The strengths of the Basel amendments include: (i) a clearer legal basis for regulating mixed, contaminated, and difficult-to-recycle plastic wastes; (ii) enhanced information duties for exporters and importing states; and (iii) stronger alignment with environmentally sound management standards as a compliance expectation (Basel Convention 1989; Basel COP 2019). These elements can reduce shipments that function as disguised disposal and can constrain the export of high-leakage waste streams, which can indirectly reduce marine pollution.
The limits are jurisdictional and practical. Basel regulates transboundary movements, not domestic plastic generation or national waste systems. It cannot solve leakage within a state’s territory or address the upstream production and design decisions that create hard-to-manage waste. It is also reactive: it governs waste once created and classified as such. For plastics, the most effective legal leverage often lies earlier in the chain—design standards, chemical restrictions, producer responsibility, and reduction measures—areas outside Basel’s traditional mandate (OECD 2022; UNEP 2021).
Enforcement challenges are persistent. Compliance depends on customs capacity, accurate classification, and reliable documentation. Illegal trafficking and misdeclaration can bypass prior informed consent procedures, and enforcement varies widely among states (UNEP 2021). Jurisdictionally, Basel’s controls attach to “movements,” but major leakage can occur before waste is formally designated, during internal transport, or after import through mismanaged processing. A marine plastic pollution treaty that aims to address the full life cycle could complement Basel by (i) harmonizing traceability standards, (ii) requiring producer-financed end-of-life systems, and (iii) setting minimum waste-management performance benchmarks, reducing incentives for waste export as a substitute for domestic system building.

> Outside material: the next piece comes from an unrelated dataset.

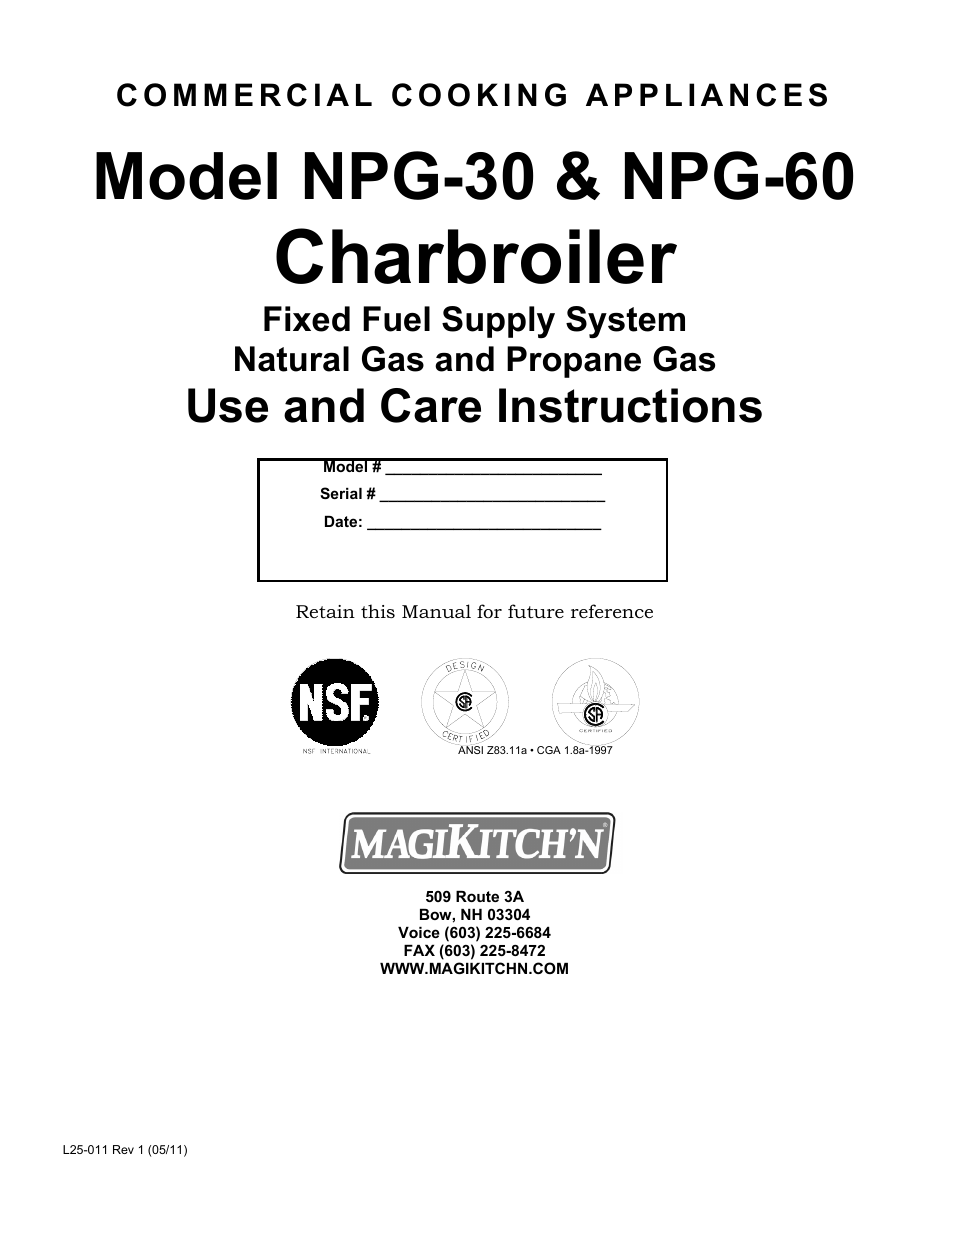 NPG-60

A further fragmentation issue is normative overlap: trade-related measures in a plastics treaty must be coordinated with Basel classifications to avoid conflicting definitions and compliance burdens. If the plastics treaty introduces product bans, polymer restrictions, or extended producer responsibility requirements, it should specify how these interact with Basel’s waste categories and consent procedures to avoid loopholes and duplicative reporting.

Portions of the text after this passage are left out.